In my opinion, it's only going to get worse for them, because whilst volumes are up, the loss in fees from listed entities, which is based on market capitalisation (significant reduced now due to the downturn) and one off initial listing fees from floats now removed, the impact is being felt on their bottom line. Plus, all of the recent cost reduction exercises are basically exhausted....... Our half year show the following:

7% growth in top line revenue (The first sub 10% for a long time)
7% growth in underlying NPAT..... (Same as above)...

The company presently is expensive on valuation. Granted, it's a monopoly, but its growth will be constrained in this environment.....

T/A - I don't really have to say much, looks like the ticker fell off the cliff.....

Cheers


----------



## Julia (4 March 2008)

reece55 said:


> In my opinion, it's only going to get worse for them, because whilst volumes are up, the loss in fees from listed entities, which is based on market capitalisation (significant reduced now due to the downturn) and one off initial listing fees from floats now removed, the impact is being felt on their bottom line.




Thanks, Reece.  I'd overlooked the fact that their fees are based on market caps.  Doesn't seem to be anything positive in their outlook.


----------



## osmosis (7 March 2008)

Julia said:


> Thanks, Reece.  I'd overlooked the fact that their fees are based on market caps.  Doesn't seem to be anything positive in their outlook.




The share price has really reflected your concern. The share price is really sliding. Where will it end?


----------



## chilliaa (4 June 2008)

osmosis said:


> The share price has really reflected your concern. The share price is really sliding. Where will it end?





Does anyone have any updates on ASX?
Its starting to look, at least from my naive point of view, quite cheap?
Anyhelp appreciated.


----------



## vishalt (4 June 2008)

chilliaa said:


> Does anyone have any updates on ASX?
> Its starting to look, at least from my naive point of view, quite cheap?
> Anyhelp appreciated.



I bought in at $35. 

I'm not really worried unless it goes below $15. 

The business from what I understand it is simple: the more trades, the more money made and there have been record amount of trades as investors fled from the market in the first few months.


----------



## sardines (5 June 2008)

vishalt said:


> I bought in at $35.
> 
> I'm not really worried unless it goes below $15.
> 
> The business from what I understand it is simple: the more trades, the more money made and there have been record amount of trades as investors fled from the market in the first few months.

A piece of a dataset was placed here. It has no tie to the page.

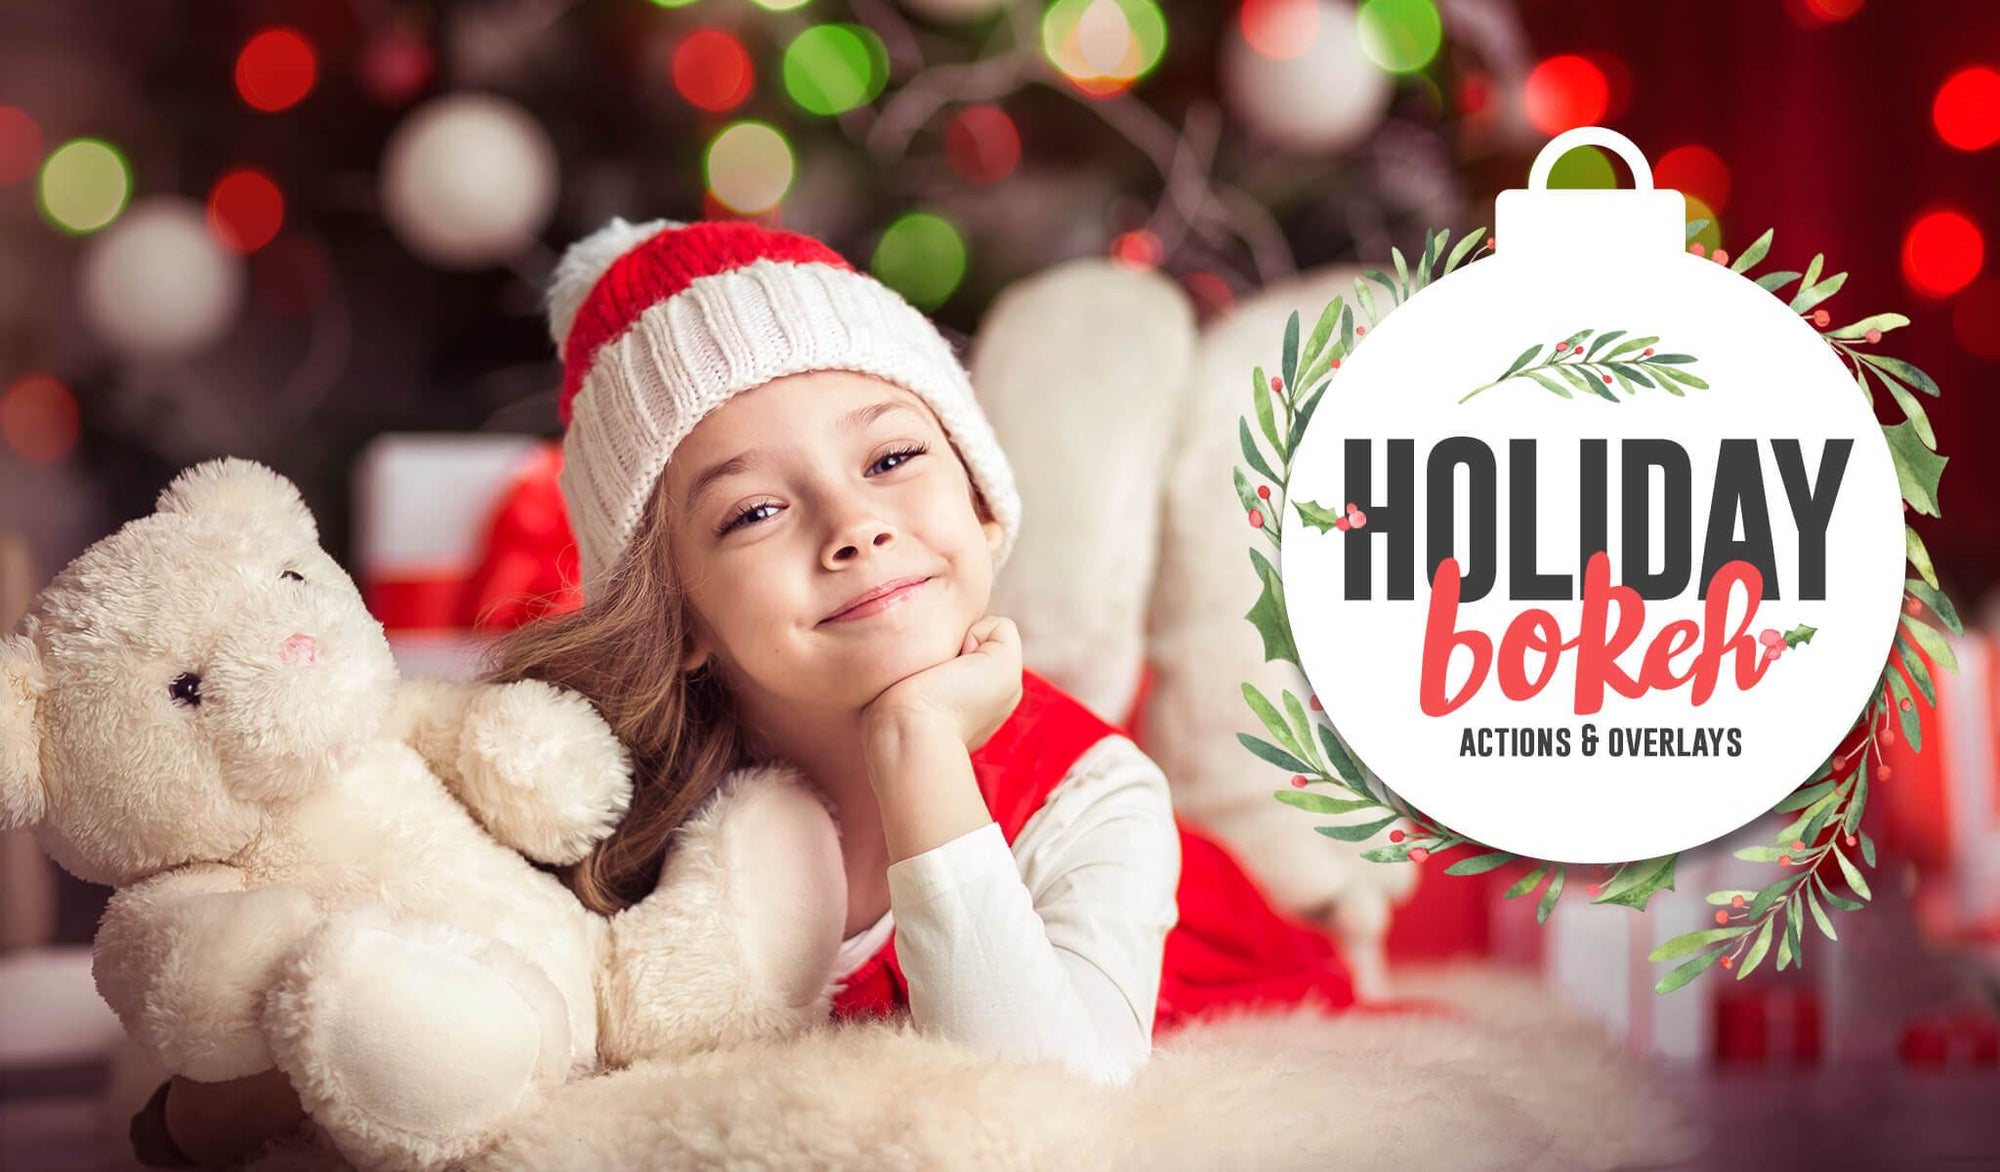 Holiday Bokeh Overlays & Actions Collection for Photoshop

sounds scary if it went below $15 :couch
As the folks have mentioned above, the entry of aggressive competitors and a declining stock market is not a good outlook for the firm. To see the upside potential I'd need more certainty around the politics. Technically, the stock has been sliding and hasn't been able to hold ground for long so I'd be more careful around my entry point. Good luck


----------



## vishalt (5 June 2008)

sardines said:


> sounds scary if it went below $15 :couch
> As the folks have mentioned above, the entry of aggressive competitors and a declining stock market is not a good outlook for the firm. To see the upside potential I'd need more certainty around the politics. Technically, the stock has been sliding and hasn't been able to hold ground for long so I'd be more careful around my entry point. Good luck




But so what? I mean BHP competes with Rio? ASX would never have been allowed to have it this good forever. 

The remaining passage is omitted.